Provided material:
----------------------------------------
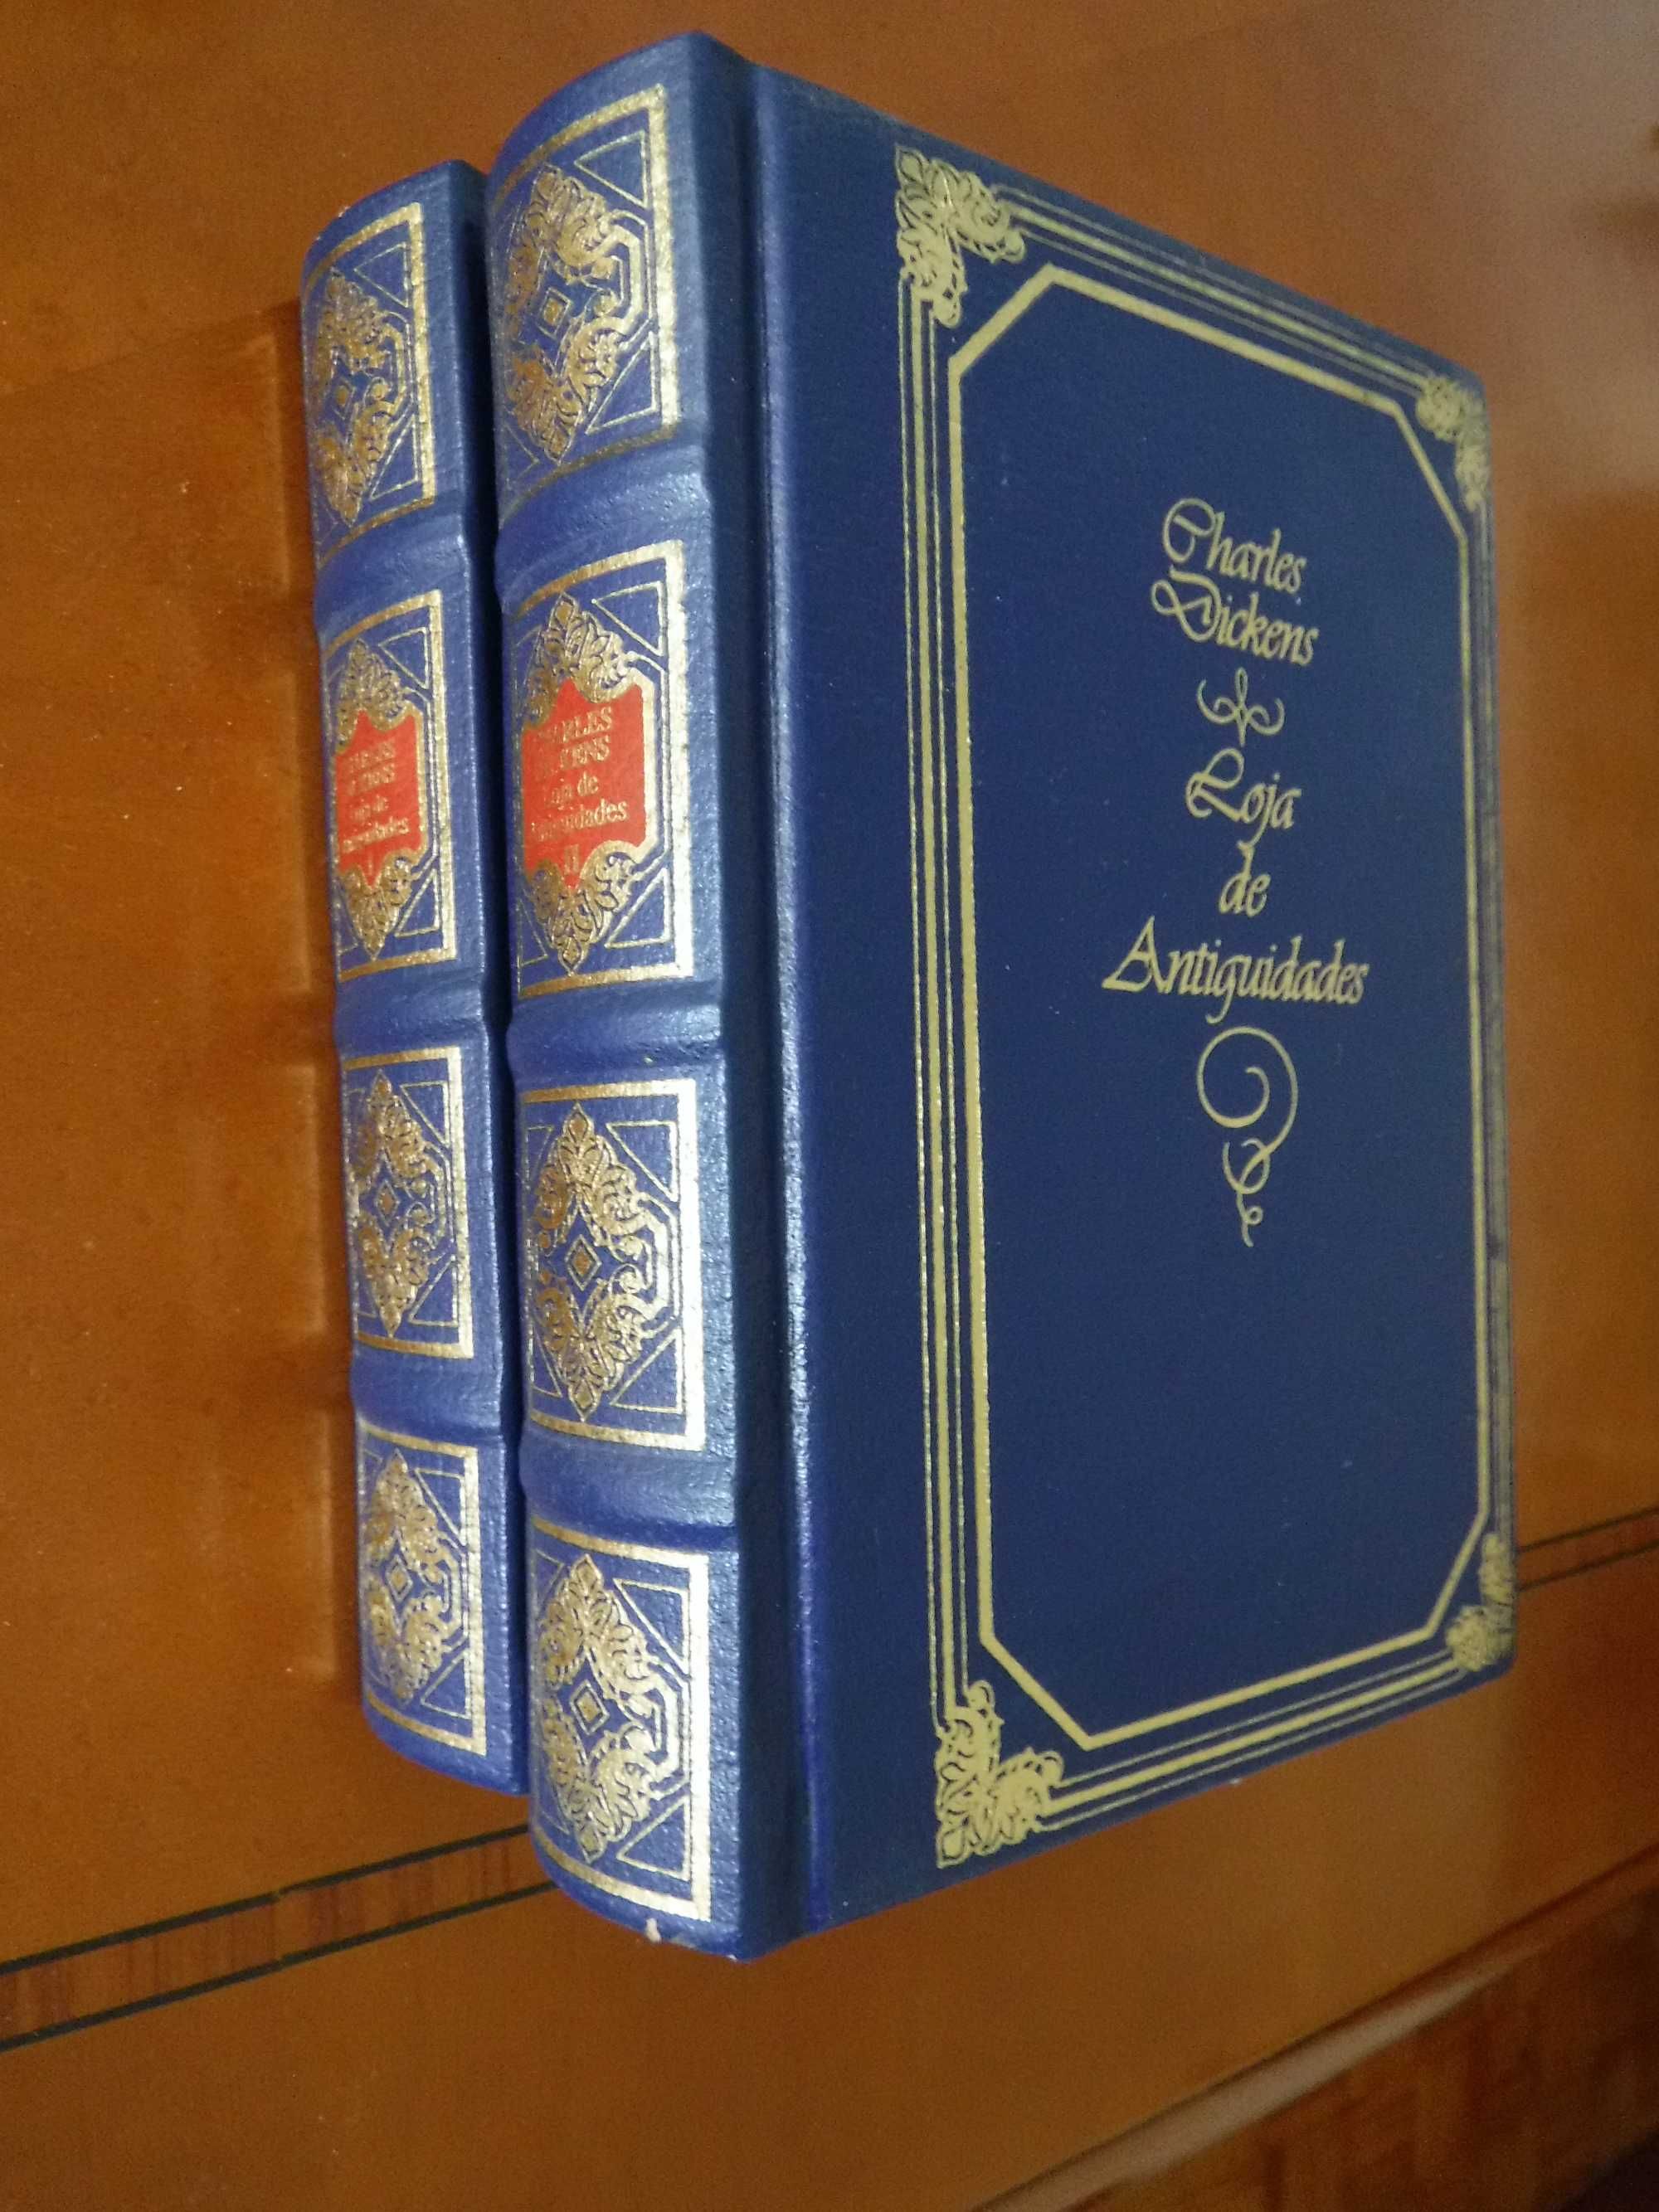 Loja de Antiguidades - Charles Dickens - 2 vols - Encadernação de luxo
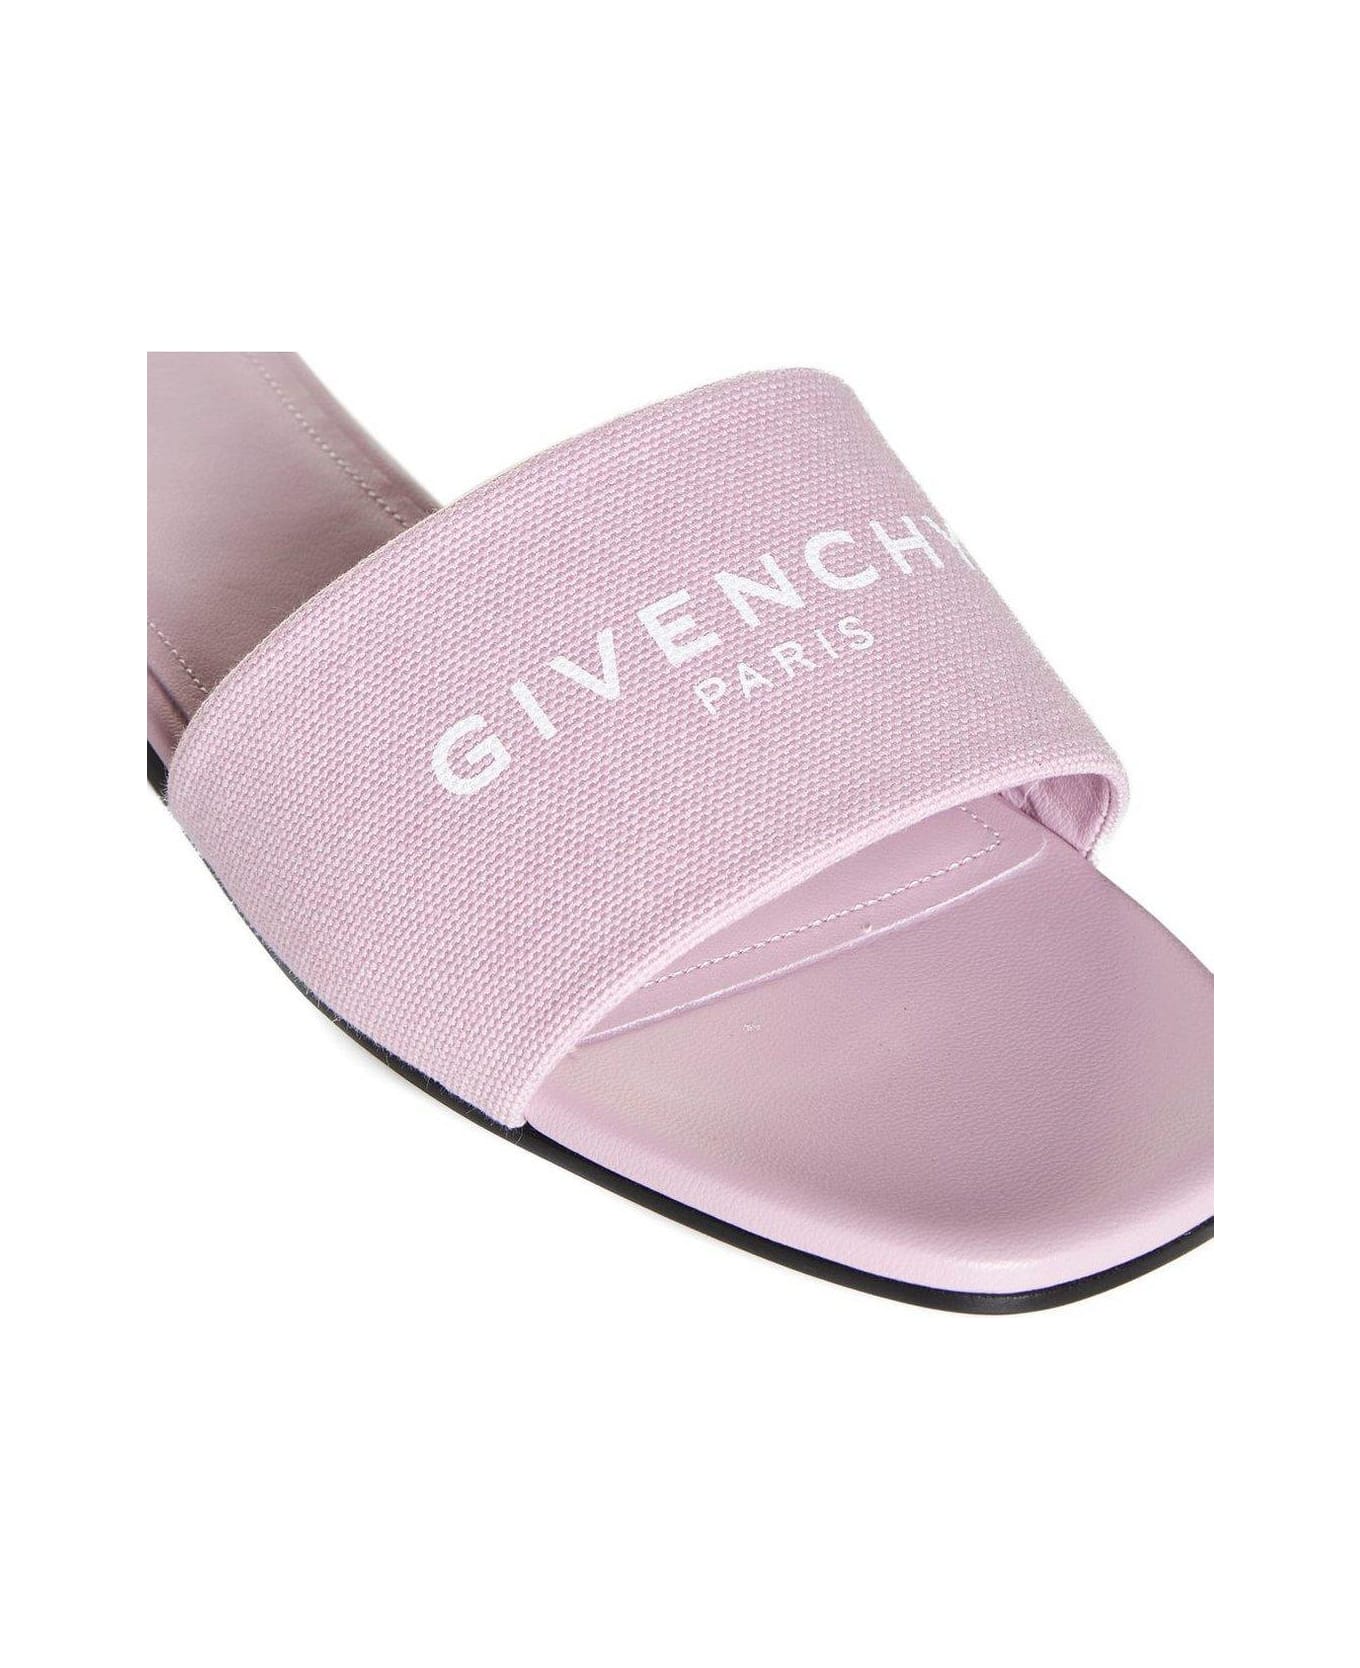 Givenchy Logo Printed Slides - Pink
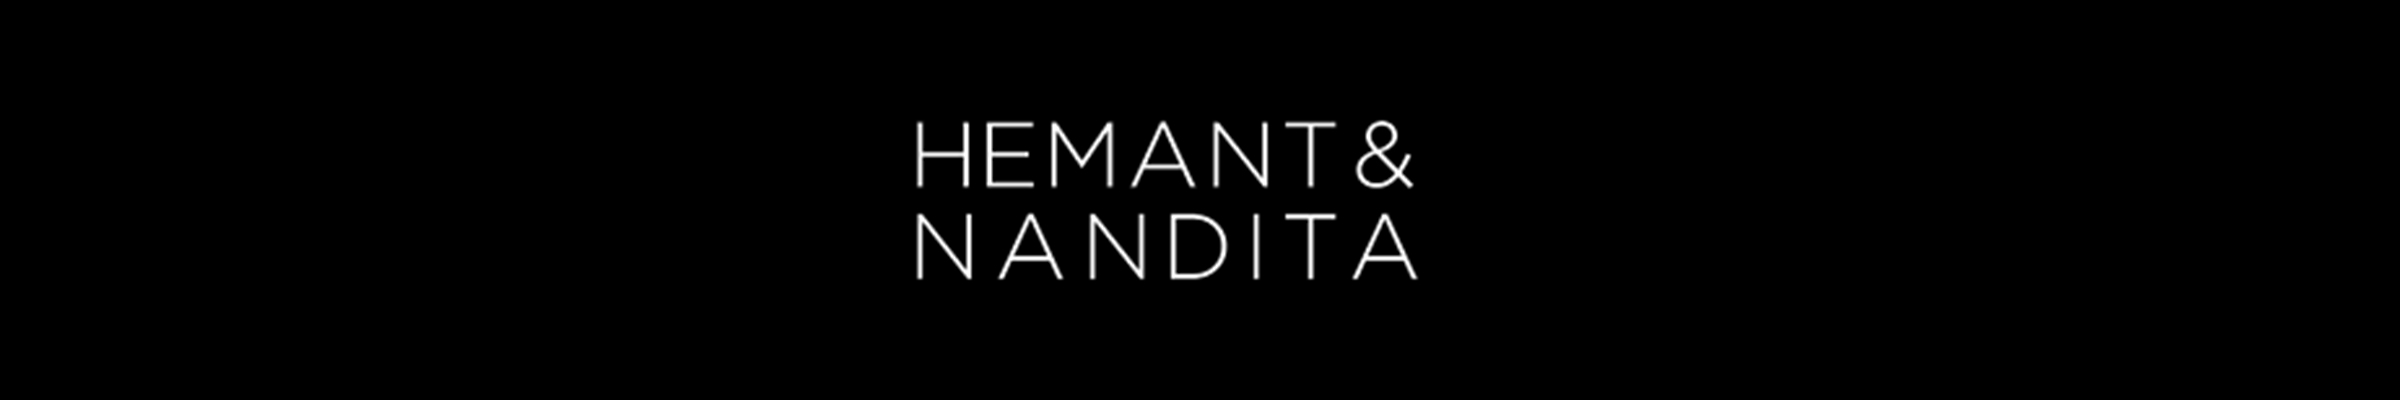 hemant-and-nandita-banner
----------------------------------------
Work instruction: No pictures belong in the copy; quote exactly the lines from the line containing "Givenchy Logo Printed Slides - Pink" through the final line of the material, both ends included.

Response to the task:
 Givenchy Logo Printed Slides - Pink
 hemant-and-nandita-banner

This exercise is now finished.